## INSTRUCTIONS TO FOLLOW
Down to the last line, set down the listing below exactly, apart from its pictures.

## INPUT DATA

----

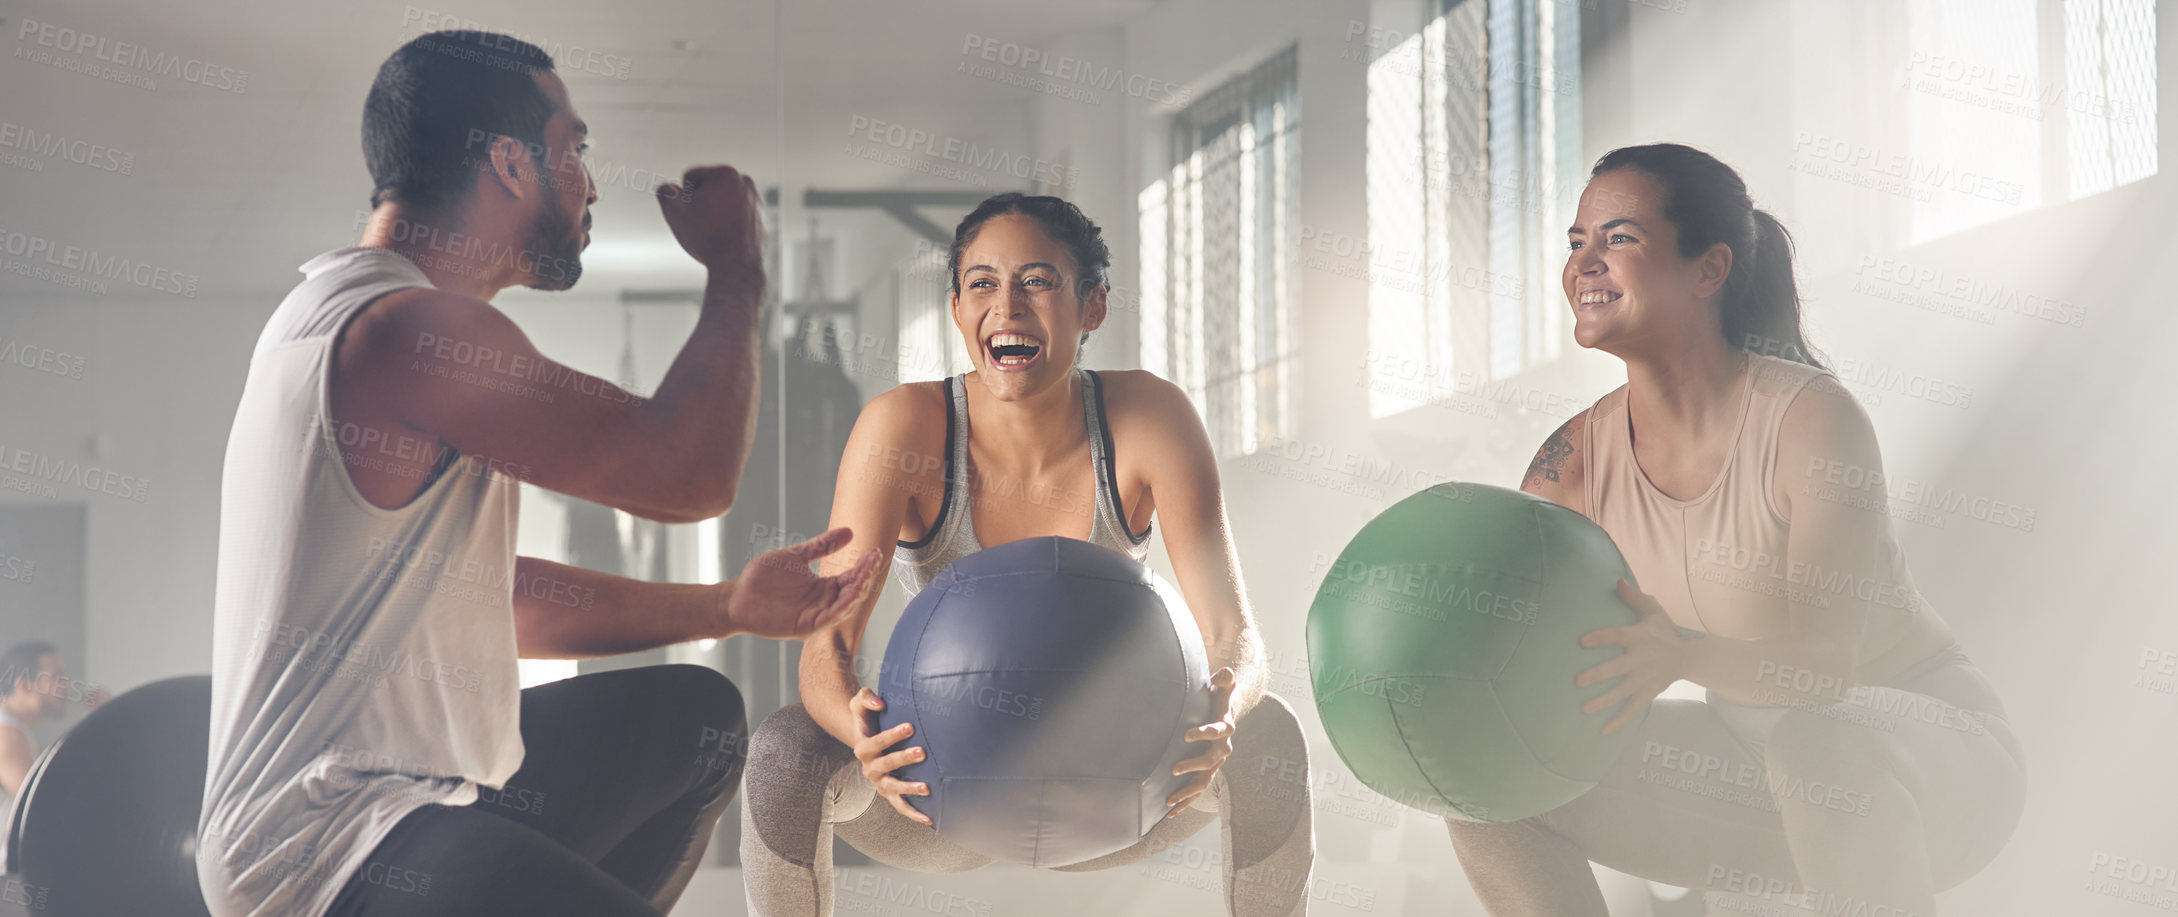 Buy stock photo Shot of two women using fitness balls while working out with their trainer
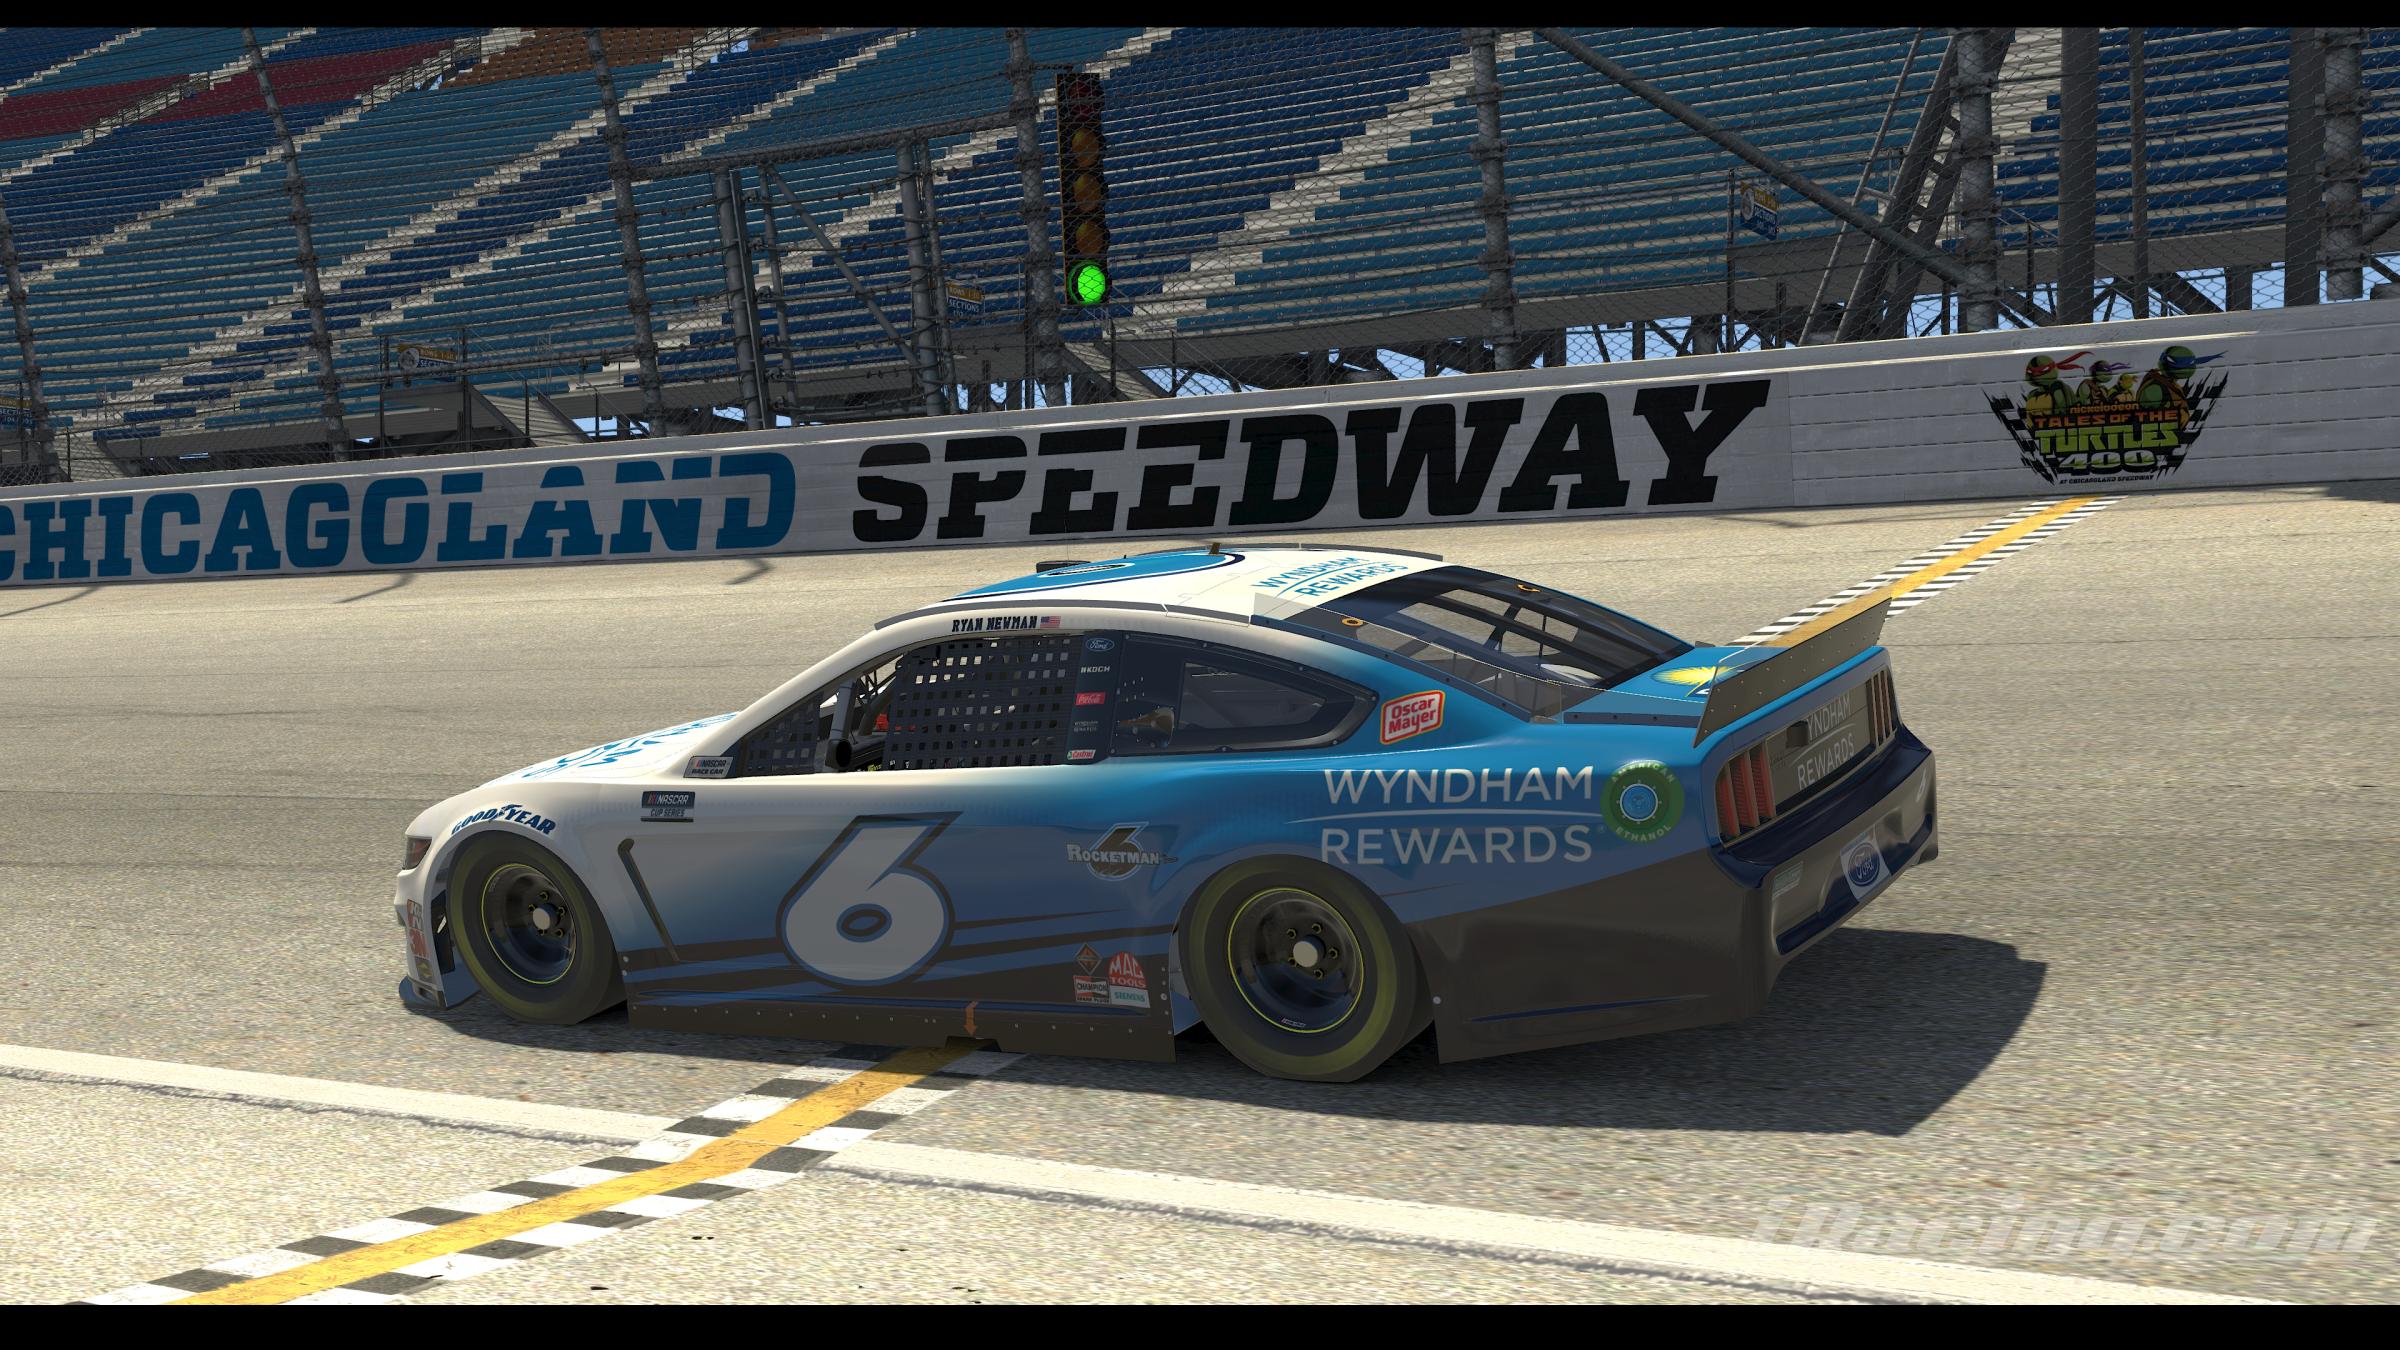 2020 Ross Chastain Wyndham Rewards by Thomas Sink - Trading Paints
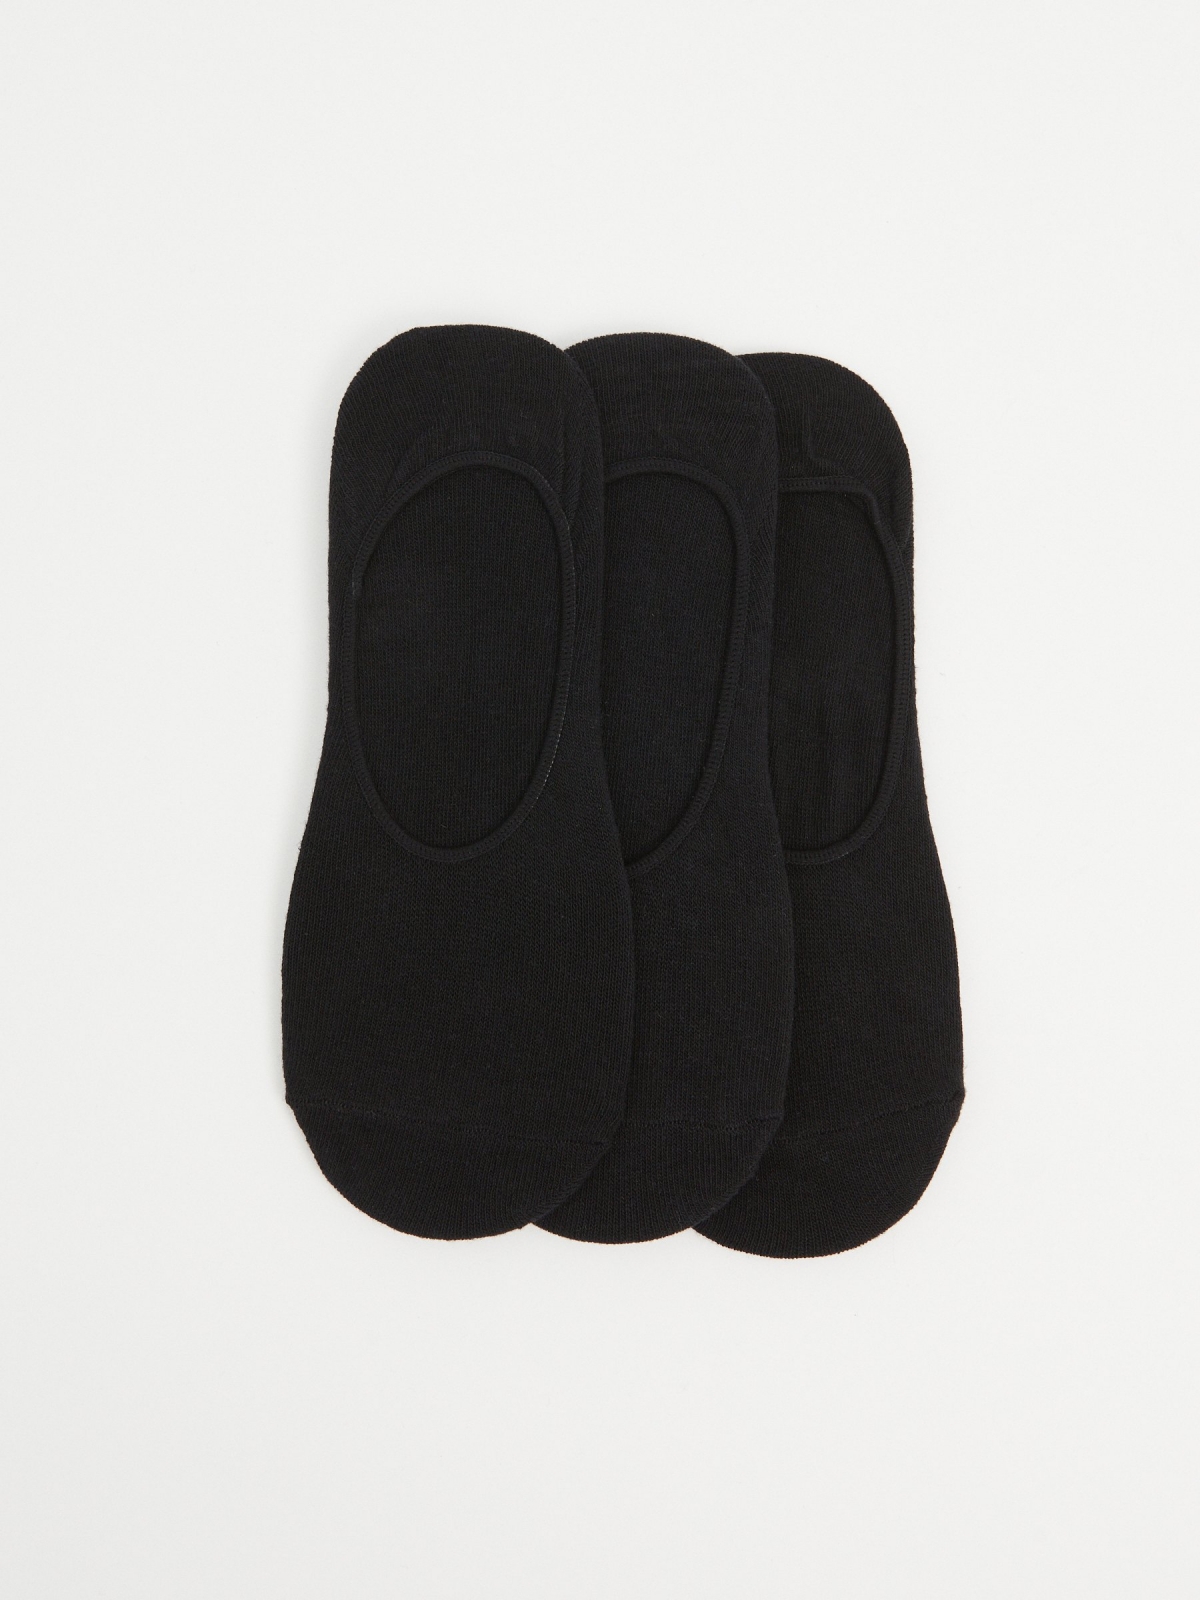 Pack of 3 black invisible socks black front view

----

## ANSWER SECTION
 Buy stock photo Shot of two women using fitness balls while working out with their trainer
 2020 Ross Chastain Wyndham Rewards by Thomas Sink - Trading Paints
 Pack of 3 black invisible socks black front view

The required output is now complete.